WORK TO COMPLETE -
Use the entries below and reproduce exactly the lines from the one containing "May 17, 2018" down to the one containing "Streched IV: Nude", both of them included.
########
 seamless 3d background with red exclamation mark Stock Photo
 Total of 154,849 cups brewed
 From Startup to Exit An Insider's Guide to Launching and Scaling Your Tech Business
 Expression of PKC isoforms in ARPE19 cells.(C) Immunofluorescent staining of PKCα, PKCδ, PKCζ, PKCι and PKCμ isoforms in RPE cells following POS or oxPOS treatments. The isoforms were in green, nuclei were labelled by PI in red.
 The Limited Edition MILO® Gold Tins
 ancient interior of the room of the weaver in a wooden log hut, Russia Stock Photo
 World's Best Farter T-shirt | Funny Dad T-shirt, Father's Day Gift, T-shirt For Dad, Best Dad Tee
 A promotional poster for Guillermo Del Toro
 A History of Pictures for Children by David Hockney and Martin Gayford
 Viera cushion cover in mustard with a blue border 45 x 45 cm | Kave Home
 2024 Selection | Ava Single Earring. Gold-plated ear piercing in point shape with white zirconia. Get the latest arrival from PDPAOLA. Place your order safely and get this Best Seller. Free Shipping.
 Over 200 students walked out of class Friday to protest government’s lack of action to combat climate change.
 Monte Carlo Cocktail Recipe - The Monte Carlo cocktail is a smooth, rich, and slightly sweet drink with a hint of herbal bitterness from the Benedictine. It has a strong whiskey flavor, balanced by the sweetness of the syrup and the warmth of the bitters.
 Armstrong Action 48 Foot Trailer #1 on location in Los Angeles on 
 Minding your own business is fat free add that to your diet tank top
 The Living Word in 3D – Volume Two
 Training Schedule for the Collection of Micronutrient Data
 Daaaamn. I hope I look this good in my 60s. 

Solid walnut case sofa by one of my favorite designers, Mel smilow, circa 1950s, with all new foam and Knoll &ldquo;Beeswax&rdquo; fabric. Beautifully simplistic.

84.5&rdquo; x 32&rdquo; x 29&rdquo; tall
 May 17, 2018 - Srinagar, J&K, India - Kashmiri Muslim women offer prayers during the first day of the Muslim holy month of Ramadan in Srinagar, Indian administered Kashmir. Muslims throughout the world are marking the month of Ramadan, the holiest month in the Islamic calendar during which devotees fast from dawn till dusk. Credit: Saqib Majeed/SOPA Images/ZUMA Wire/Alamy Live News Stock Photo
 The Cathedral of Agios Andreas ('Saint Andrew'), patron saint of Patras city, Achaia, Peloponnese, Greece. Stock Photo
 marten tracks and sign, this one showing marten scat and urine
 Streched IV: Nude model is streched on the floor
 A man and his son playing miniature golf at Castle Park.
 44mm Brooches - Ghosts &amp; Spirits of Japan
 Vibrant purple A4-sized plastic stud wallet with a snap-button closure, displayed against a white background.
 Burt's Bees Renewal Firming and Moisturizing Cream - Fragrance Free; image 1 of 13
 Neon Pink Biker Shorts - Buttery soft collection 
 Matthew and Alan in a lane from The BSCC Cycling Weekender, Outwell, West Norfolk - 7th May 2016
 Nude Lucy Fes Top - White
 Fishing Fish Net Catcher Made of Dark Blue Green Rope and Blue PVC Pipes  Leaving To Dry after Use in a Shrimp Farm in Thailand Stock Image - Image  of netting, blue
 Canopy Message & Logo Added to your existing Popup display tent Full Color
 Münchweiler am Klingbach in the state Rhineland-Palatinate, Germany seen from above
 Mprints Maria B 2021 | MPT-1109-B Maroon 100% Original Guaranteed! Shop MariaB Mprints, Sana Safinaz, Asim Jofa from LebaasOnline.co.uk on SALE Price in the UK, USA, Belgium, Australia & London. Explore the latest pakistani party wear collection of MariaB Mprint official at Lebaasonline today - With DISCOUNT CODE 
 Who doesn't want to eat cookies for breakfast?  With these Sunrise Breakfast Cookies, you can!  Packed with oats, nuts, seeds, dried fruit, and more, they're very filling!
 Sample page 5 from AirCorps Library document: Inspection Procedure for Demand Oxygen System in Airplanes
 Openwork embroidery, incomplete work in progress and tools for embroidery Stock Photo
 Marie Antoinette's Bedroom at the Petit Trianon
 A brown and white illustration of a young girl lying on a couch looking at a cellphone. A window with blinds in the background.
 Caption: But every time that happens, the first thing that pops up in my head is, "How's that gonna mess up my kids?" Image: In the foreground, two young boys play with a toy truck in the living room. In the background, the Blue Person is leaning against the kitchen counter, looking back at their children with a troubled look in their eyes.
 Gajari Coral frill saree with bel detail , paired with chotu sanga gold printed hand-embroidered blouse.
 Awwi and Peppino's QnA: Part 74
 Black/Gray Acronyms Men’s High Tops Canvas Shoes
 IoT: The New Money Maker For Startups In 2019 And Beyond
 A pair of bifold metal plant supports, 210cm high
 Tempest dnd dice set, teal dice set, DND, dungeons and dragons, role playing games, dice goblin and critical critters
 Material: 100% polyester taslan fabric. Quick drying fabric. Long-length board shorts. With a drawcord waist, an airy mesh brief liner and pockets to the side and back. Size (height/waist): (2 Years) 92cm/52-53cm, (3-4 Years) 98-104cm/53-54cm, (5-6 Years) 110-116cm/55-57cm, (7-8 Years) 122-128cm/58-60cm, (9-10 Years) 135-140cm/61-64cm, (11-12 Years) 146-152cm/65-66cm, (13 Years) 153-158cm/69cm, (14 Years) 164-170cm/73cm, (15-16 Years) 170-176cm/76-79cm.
########
SOLUTION -
 May 17, 2018 - Srinagar, J&K, India - Kashmiri Muslim women offer prayers during the first day of the Muslim holy month of Ramadan in Srinagar, Indian administered Kashmir. Muslims throughout the world are marking the month of Ramadan, the holiest month in the Islamic calendar during which devotees fast from dawn till dusk. Credit: Saqib Majeed/SOPA Images/ZUMA Wire/Alamy Live News Stock Photo
 The Cathedral of Agios Andreas ('Saint Andrew'), patron saint of Patras city, Achaia, Peloponnese, Greece. Stock Photo
 marten tracks and sign, this one showing marten scat and urine
 Streched IV: Nude model is streched on the floor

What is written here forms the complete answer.